Allora è arrivato il momento per noi, architetti ed ingegneri liberi professionisti, di organizzarci, di costituire una rete forte e compatta, che elabori proposte concrete in merito al progetto di Architettura, al ritorno a tariffe minime inderogabili e al corretto e limpido affidamento dei servizi di architettura ed ingegneria, senza tralasciare, ovviamente, la questione primaria relativa ai tempi certi di pagamento delle parcelle da parte delle Amministrazioni pubbliche ed in particolare di quelle dello Stato.

Ci vogliono sempre alcuni mesi per essere pagati e, in certi casi, anche alcuni anni; naturalmente senza il riconoscimento di alcun interesse. Potrei citare alcuni casi significativi, di attualità, che ometto soltanto a causa della ristrettezza del tempo concessomi da questa assemblea; una domanda mi sorge, comunque, spontanea: con quali criteri e per quale motivo i “Professori” ci hanno tolto l’ultima risorsa che avevamo per essere pagati dalle Amministrazioni pubbliche, cioè il decreto ingiuntivo ed hanno previsto solo il ricorso ordinario (e decennale con tutte le relative conseguenze negative) al Tribunale?

Vorremmo spiegazioni e risposte che nessuno si è degnato di darci.

Colleghi vi invito ad essere compatti, ad organizzare gruppi di lavoro, a creare una rete – noi della Rete 150 K ci stiamo provando con sacrificio ed estremo impegno – al fine di essere noi stessi gli artefici della nostra condizione professionale; organizziamoci e manifestiamo il nostro dissenso e le nostre rivendicazioni attraverso Internet, con nuove assemblee come quella di oggi e anche con manifestazioni di piazza che, credo, sino le uniche in grado di far arrivare la nostra voce presso i cittadini, i politici e presso giornali e tv. Le nostre rivendicazioni e denunce non sono di tipo sindacale o di “casta” ma esprimono la volontà di coloro che, quale parte consistente dalla cultura del nostro Paese, pretendono di essere professionalmente rispettati e di avere “minimi contrattuali” che ne garantiscano l’esistenza.

INCARCHI PUBBLICI – REGOLE DEL CODICE/REGOLAMENTO E MODALITA’ DI AFFIDAMENTO

I “Professori” hanno spazzato via le tariffe ma non hanno provveduto a modificare l’art. 91 del Codice dei Contratti e gli artt.  261,262 e 263           del Regolamento di attuazione; chi e in che modo determinerà a quale delle seguenti tre categorie rientreranno gli incarichi da affidare?

a) – Importo delle gare per affidamenti inferiori ad 40.000,00 (prima 20.000,00) – fiduciari con DURC; il Codice ne prevede l’affidamento esclusivamente “ad personam” cioè a pochi “eletti” e non solo: molto spesso, infatti, tali incarichi, mascherati con l’affidamento di una “consulenza” – vietata in quanto non prevista dal Codice e più volte sancita dall’Autorità di Vigilanza CP – riguardano progettazioni complete cioè architettonica, strutturale, impiantistica, ecc. che, fino a ieri, venivano compensate con circa 18.000,00 euro (anziché alcune migliaia di euro) evitando, in questo modo, il ricorso ad affidamenti con bando di gara perché troppo complicato oppure oneroso per i tempi necessari all’affidamento.

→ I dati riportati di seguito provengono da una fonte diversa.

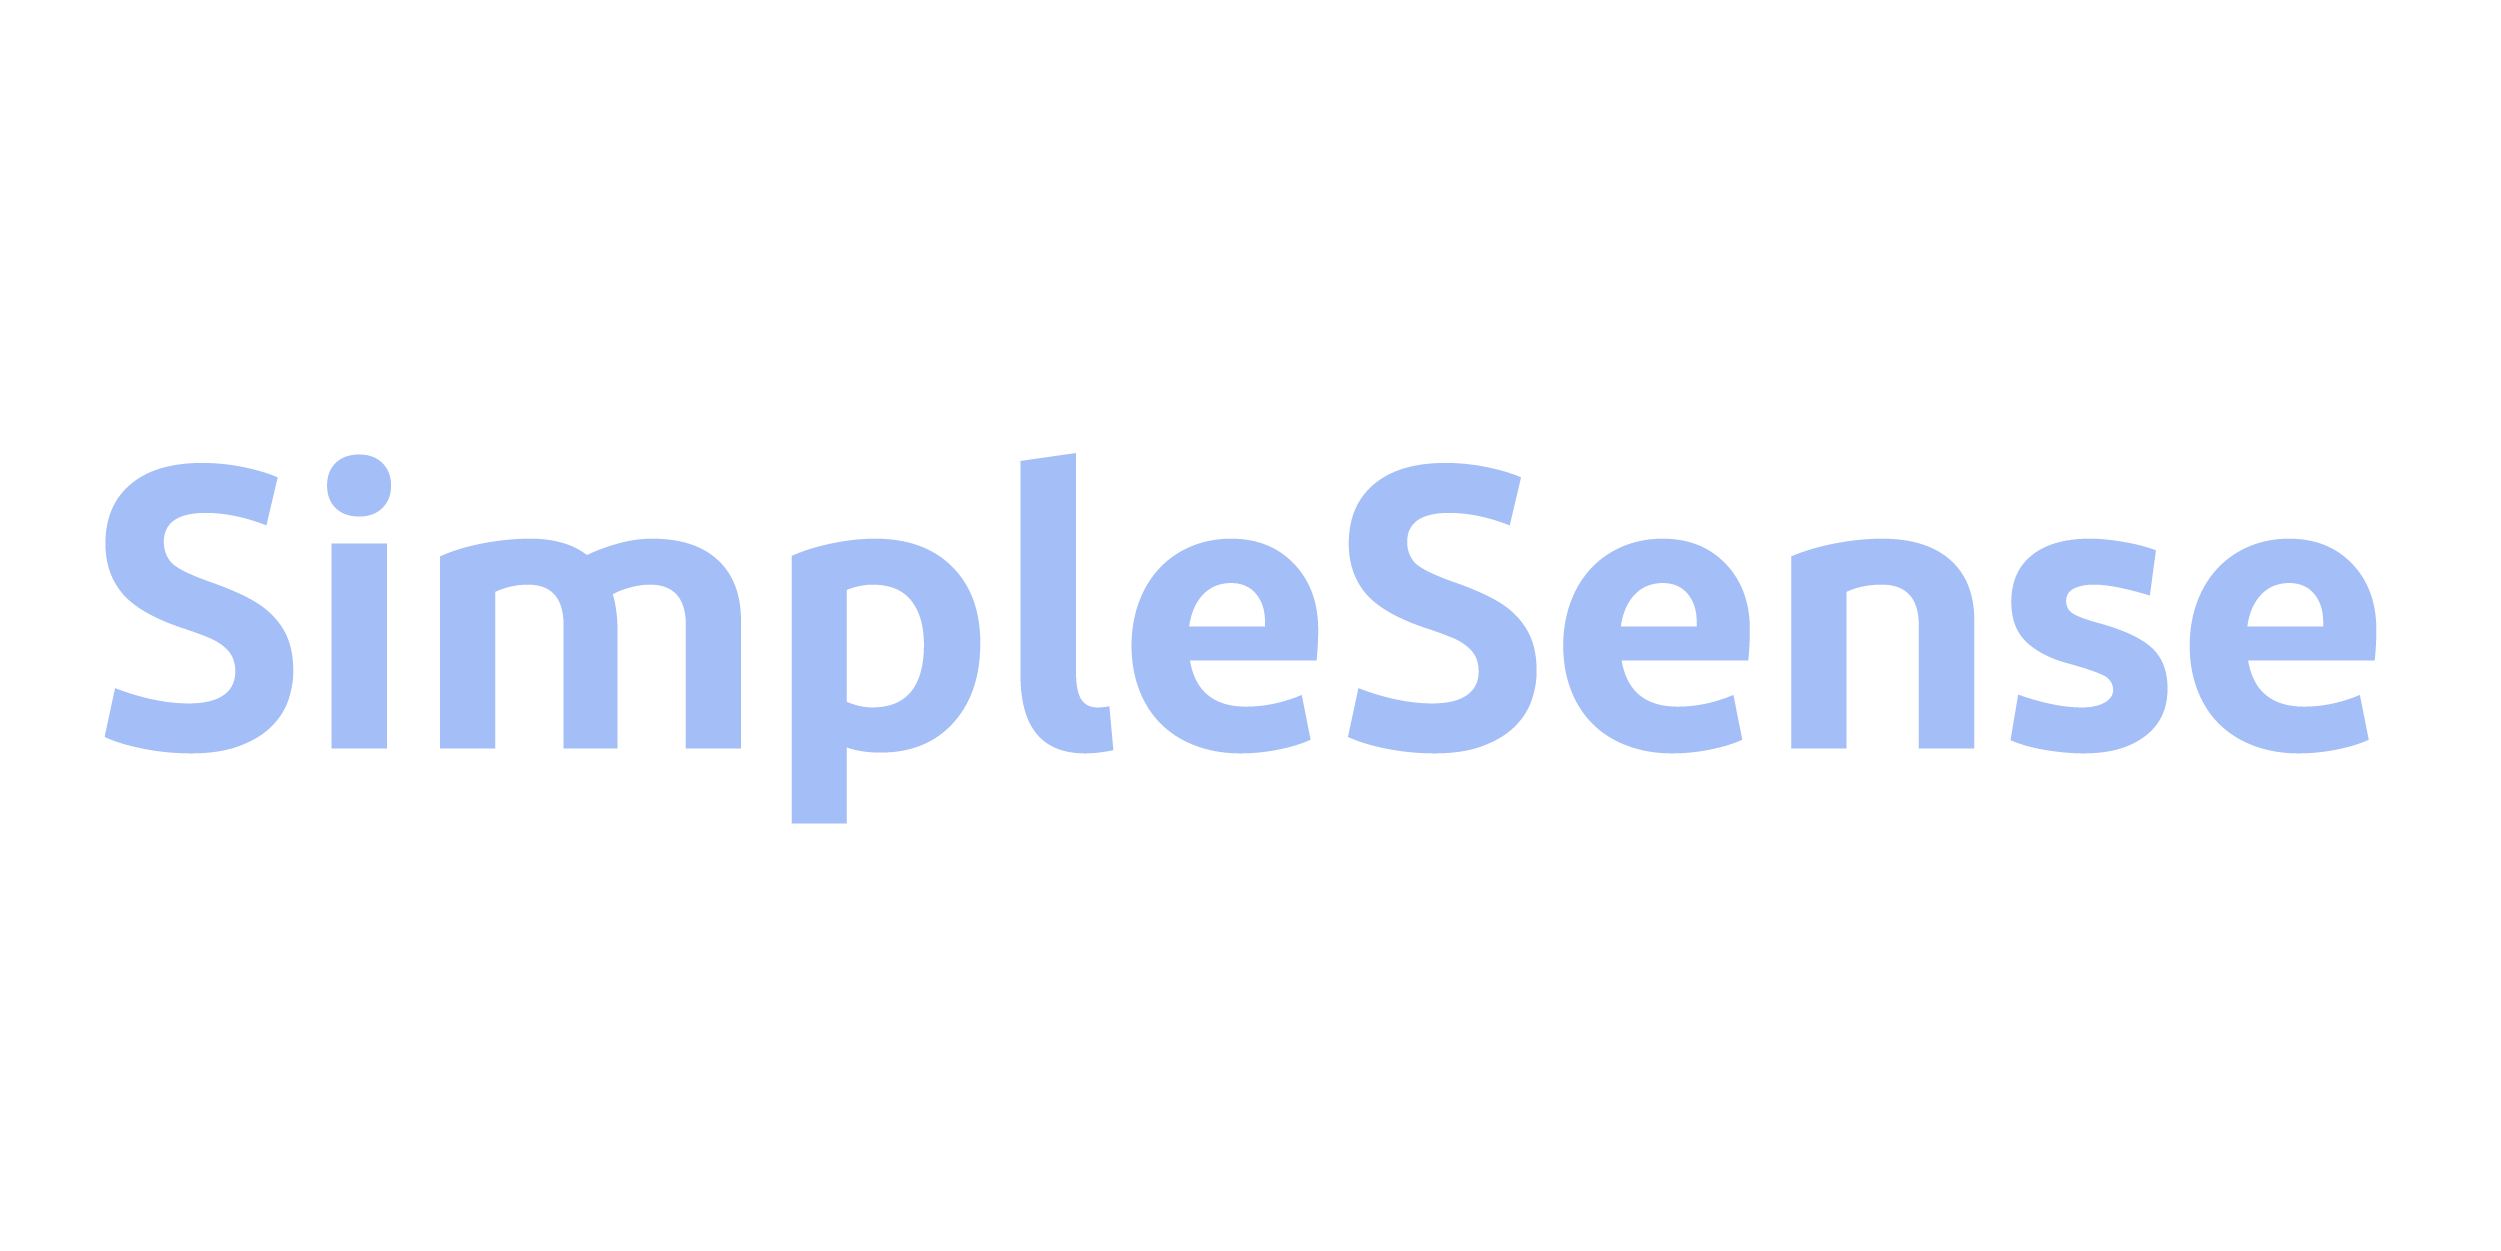 OpenComp-CustomerLogos-Ube_SimpleSense

b) – Importo delle gare per affidamenti inferiori ad 130.000,00 / 193.000,00 (prima 100.000,00) – invito rivolto ad almeno 5 professionisti, DURC; in questi casi la maggior parte delle volte gli affidamenti sono fittizi in quanto, pur svolti con le regole previste dal Codice, nella realtà si chiede al professionista amico già prescelto di far presentare a 4 suoi amici, o collaboratori, 4 offerte più alte della sua e di consegnarle immediatamente dopo la pubblicazione del bando di gara. Esperita la gara soltanto fra le prime 5 offerte pervenute, si assegna l’incarico a chi ha fatto il maggior ribasso, cioè a colui che è stato prescelto prima della gara e quindi tutto è formalmente regolare.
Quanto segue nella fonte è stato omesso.